Recorded information:
[Start of section]

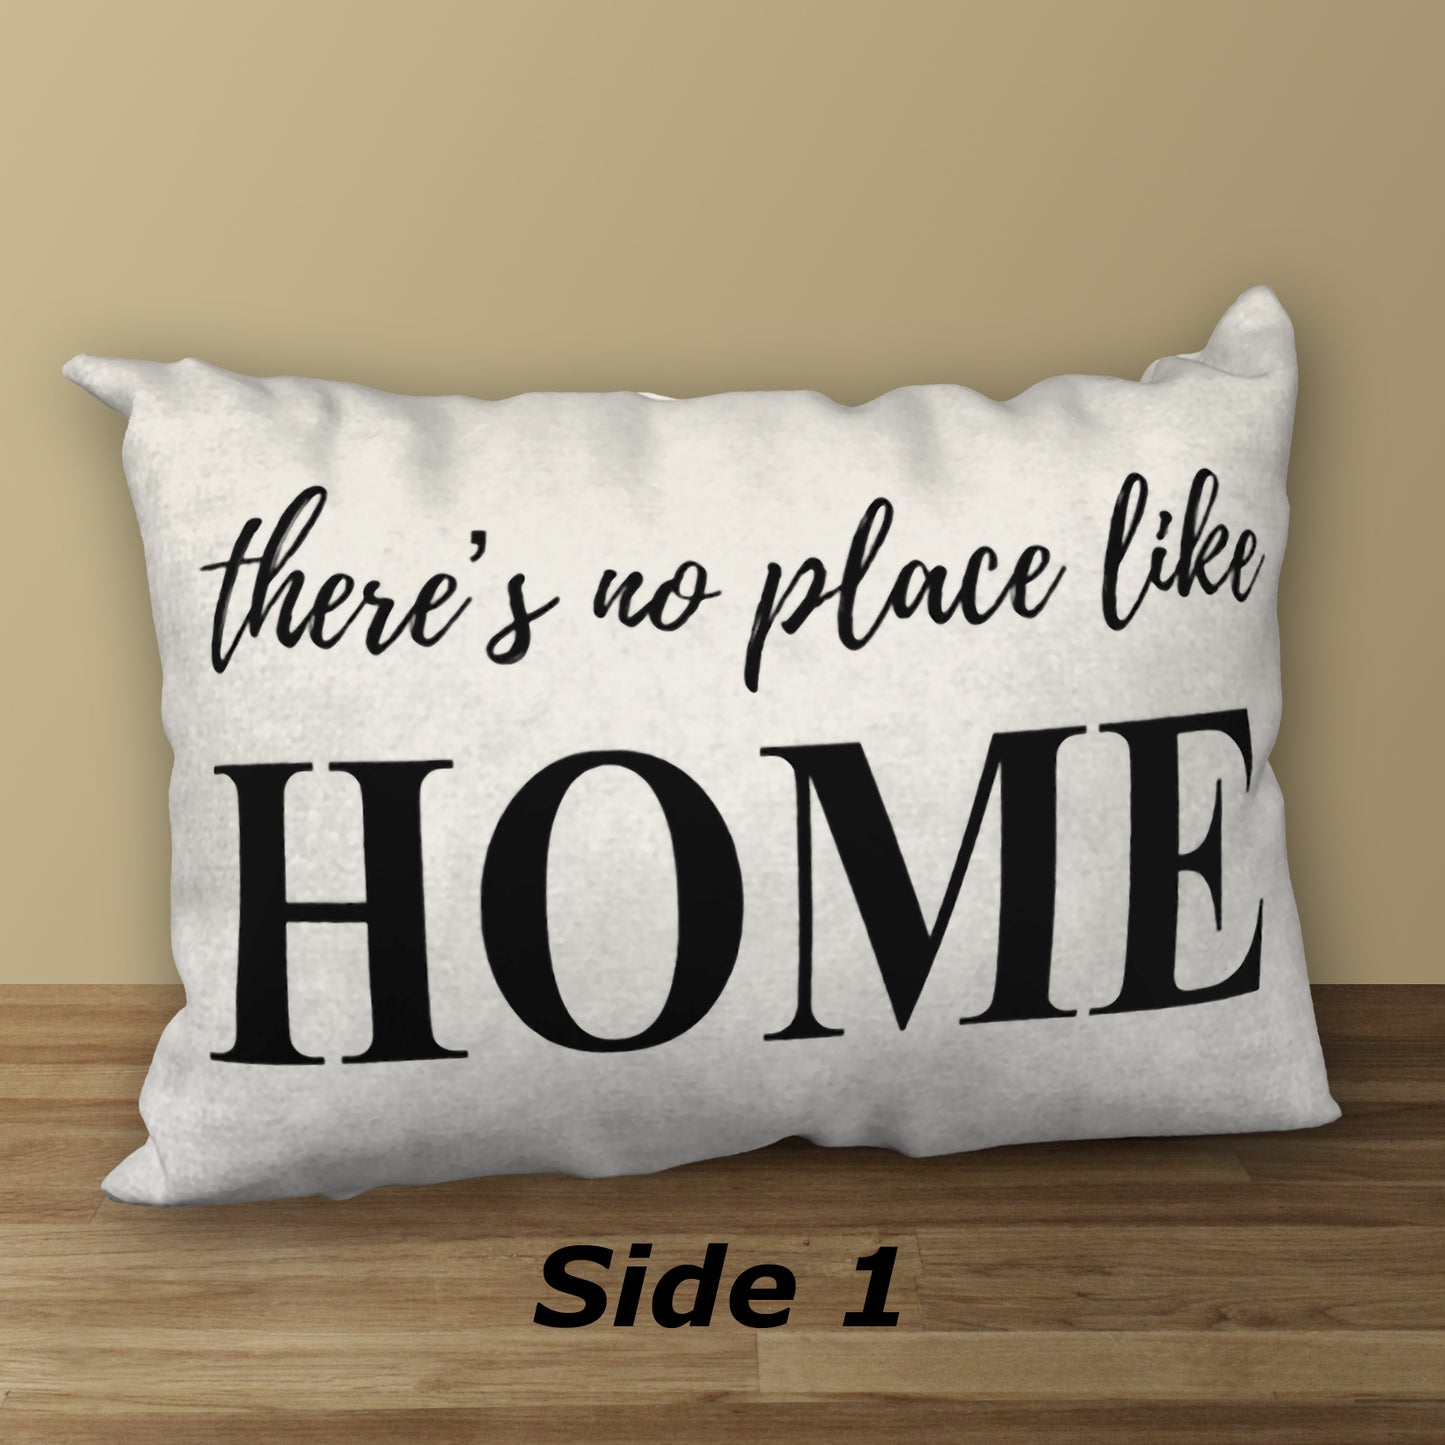 There's No Place Like Home Designer Pillow, 20"x14"
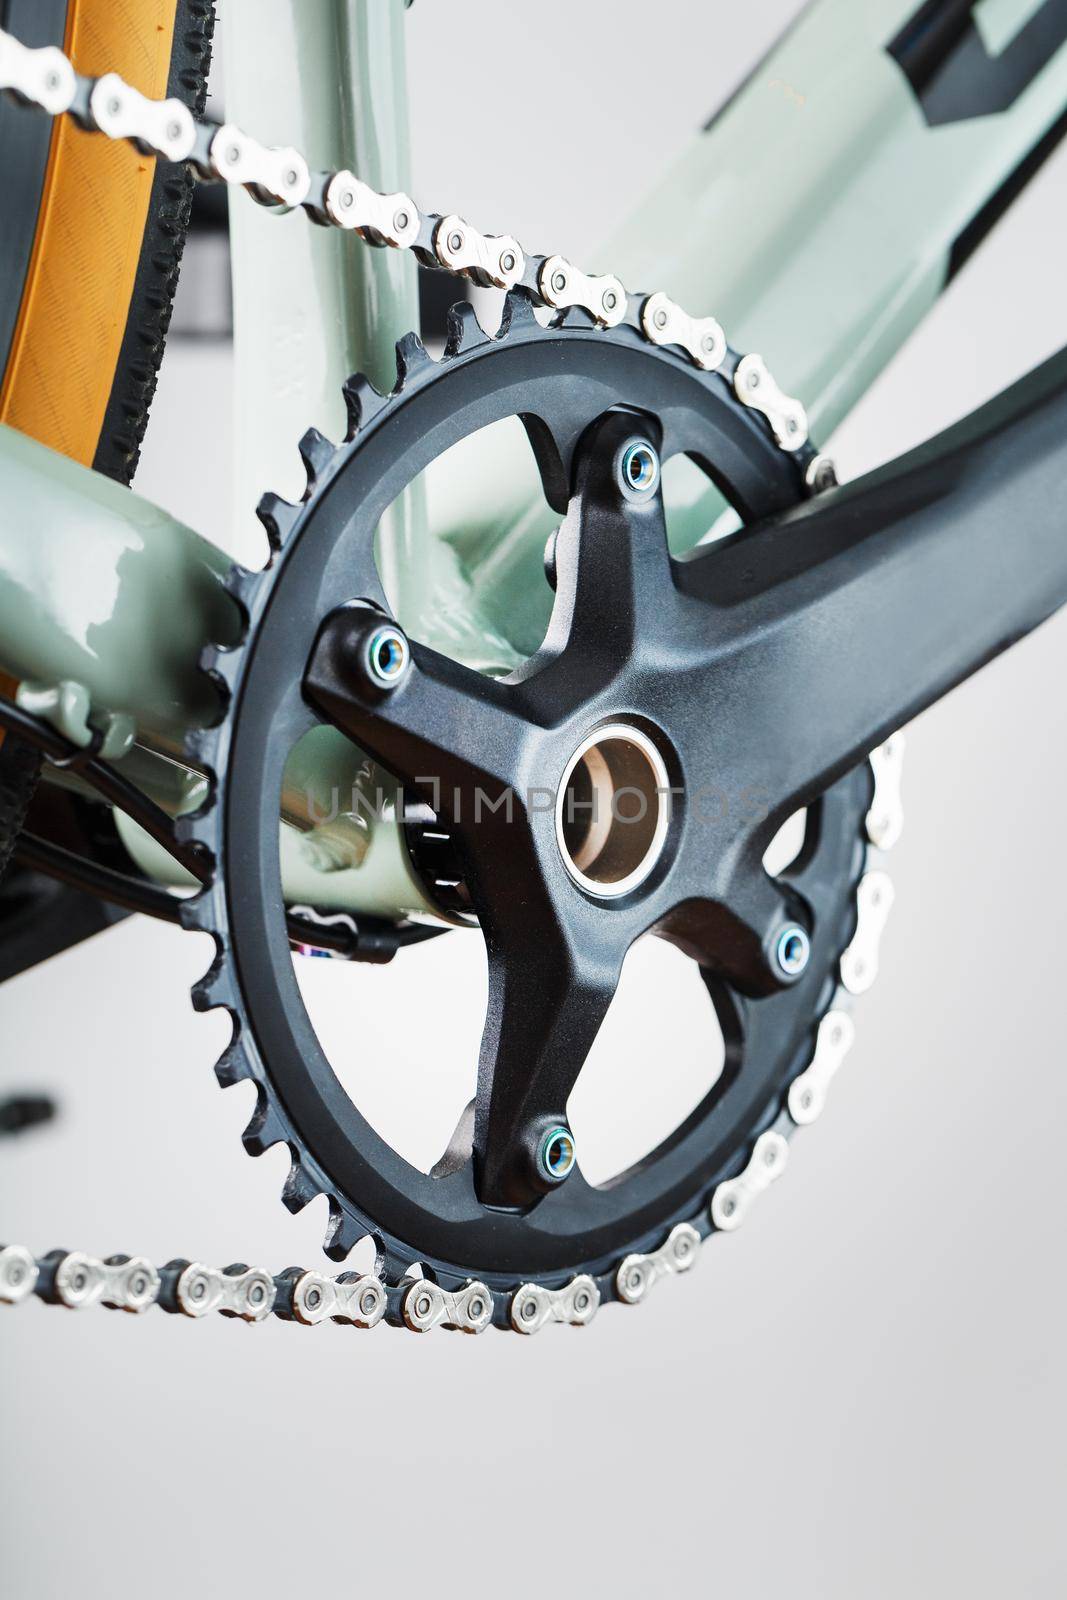 Bicycle crank system with chain close-up, mechanism for repair and tuning
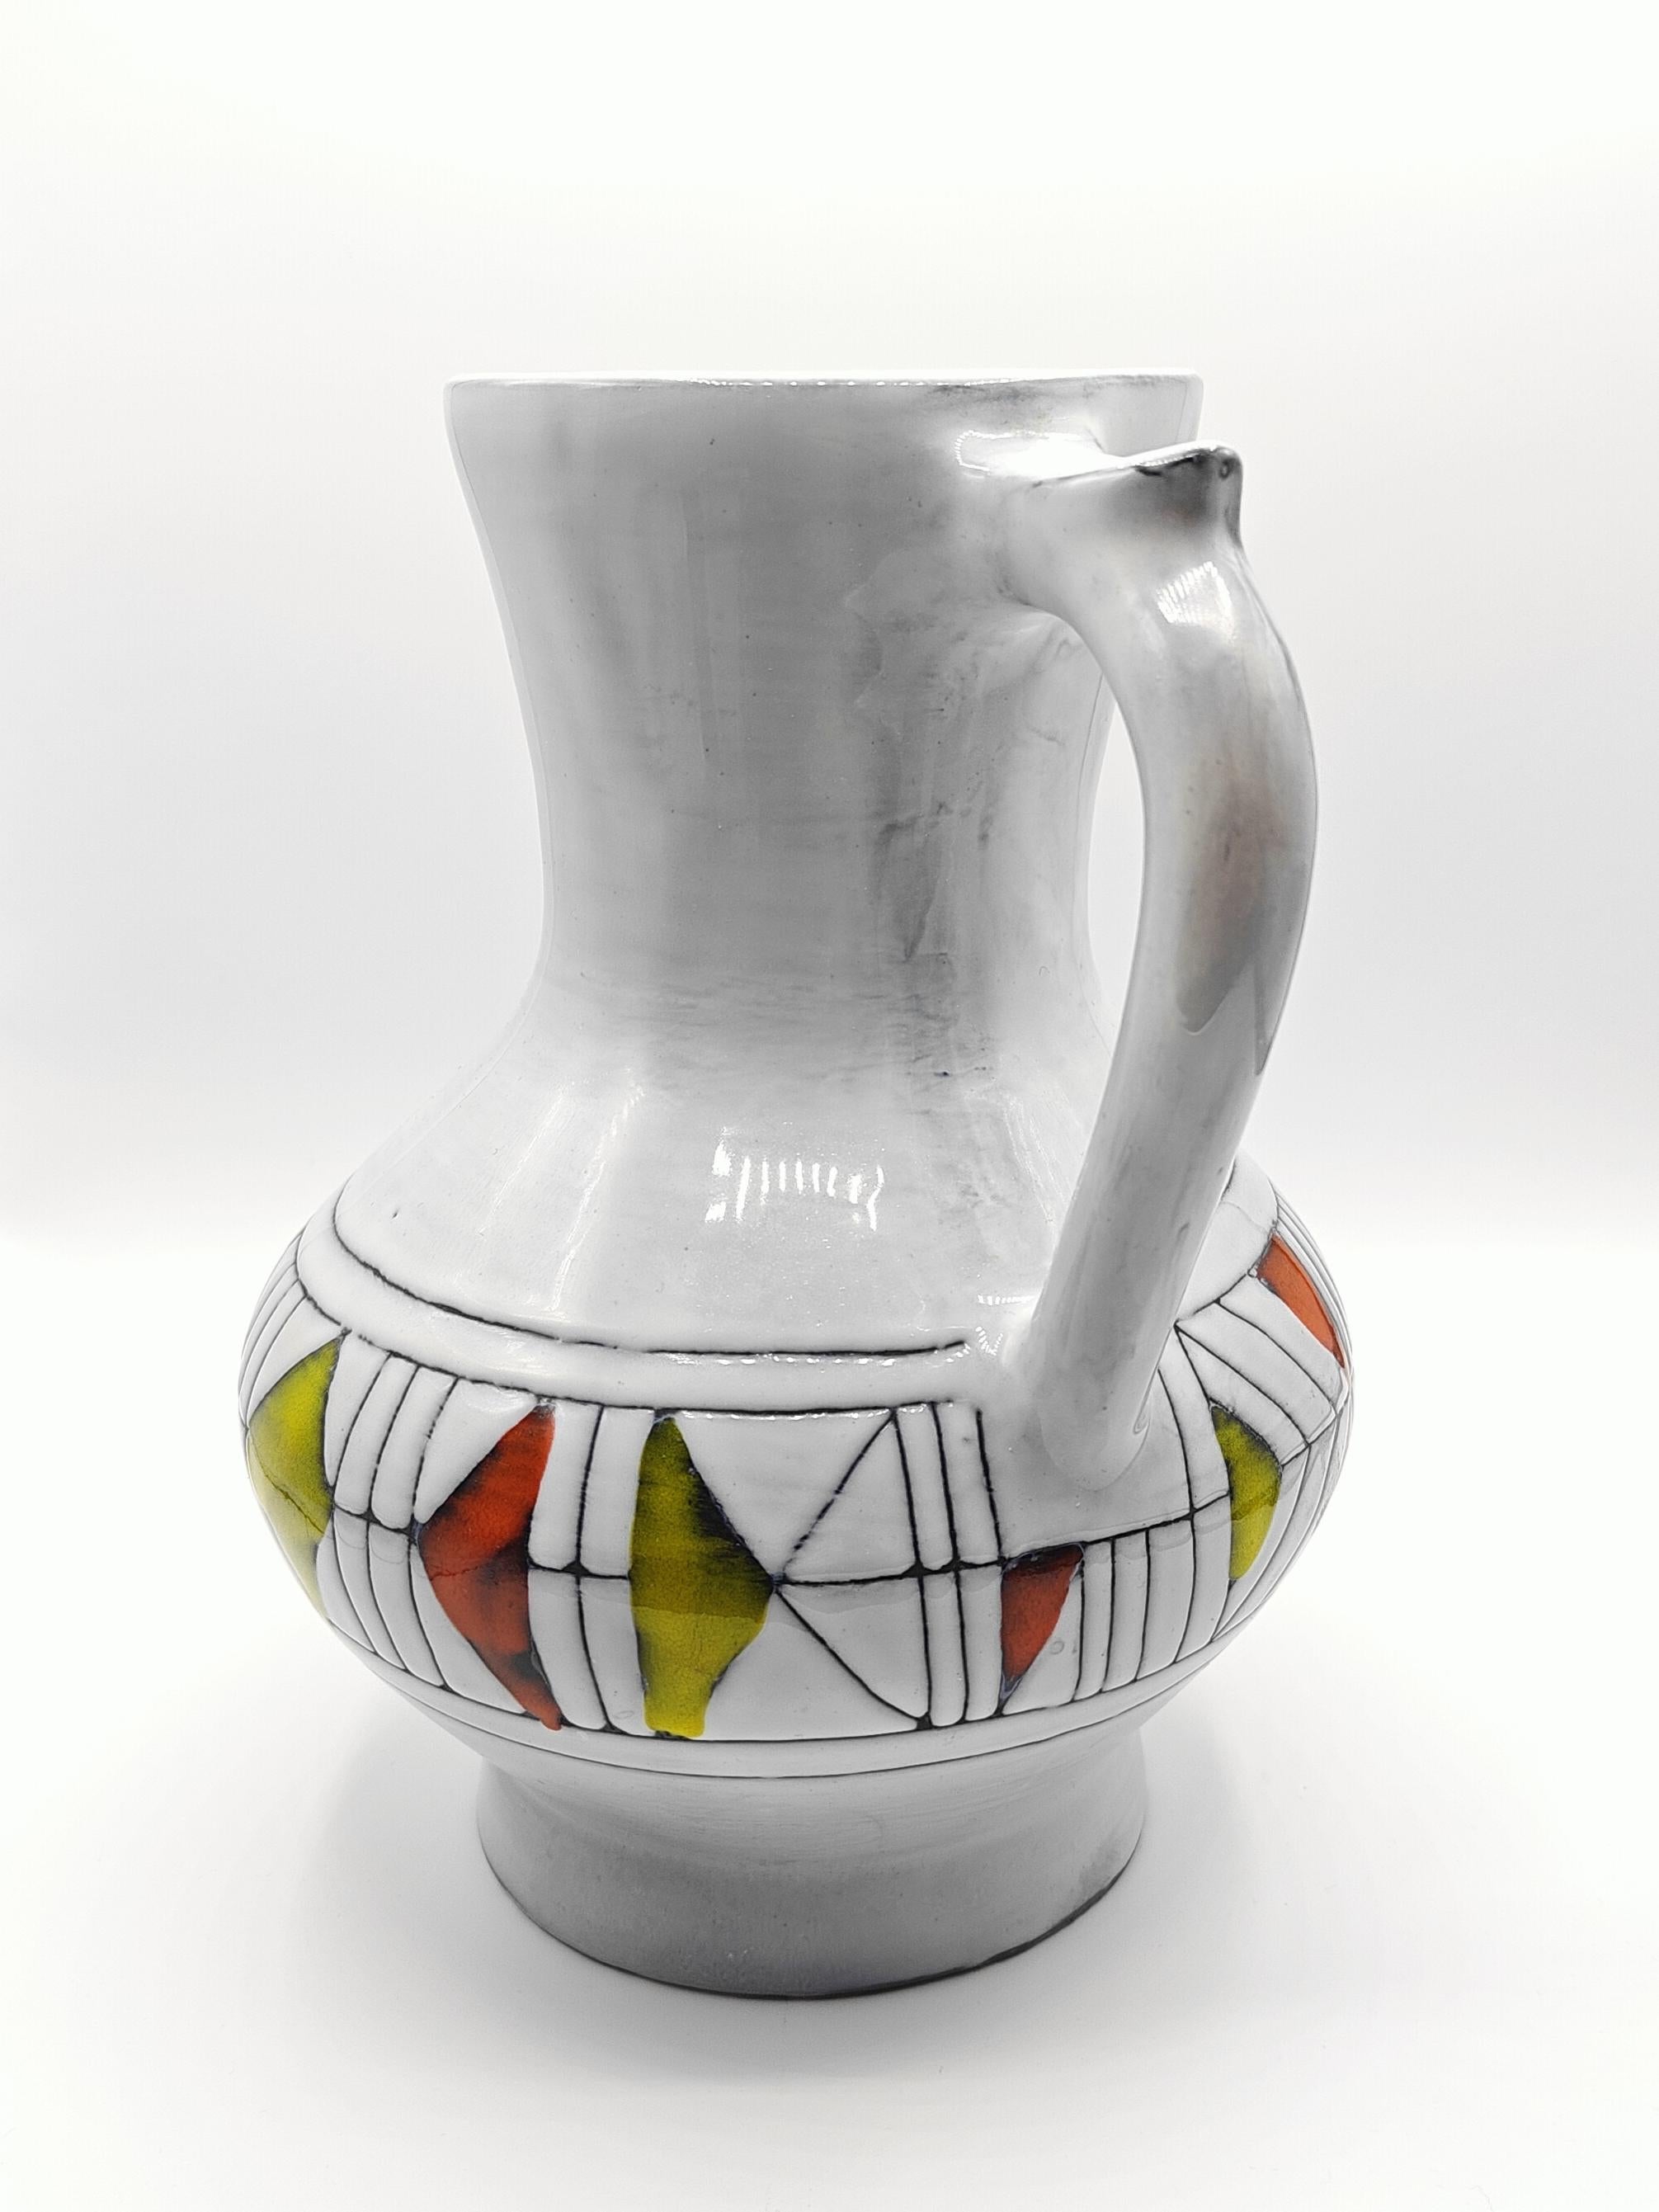 Pitcher by Roger Capron, ceramist in Vallauris, France, circa 1962. This pitcher is made of enamelled terracotta, signed and numbered under the base. 

This geometric abstract decoration, with yellow and red on white enamel, gives a design touch

[End of section]

Exercise instructions:
Your response must consist of the material above, reproduced word for word, with the images omitted.

Result of the exercise:
 There's No Place Like Home Designer Pillow, 20"x14"
 Bicycle crank system with chain close-up, mechanism for repair and tuning
 Pitcher by Roger Capron, ceramist in Vallauris, France, circa 1962. This pitcher is made of enamelled terracotta, signed and numbered under the base. 

This geometric abstract decoration, with yellow and red on white enamel, gives a design touch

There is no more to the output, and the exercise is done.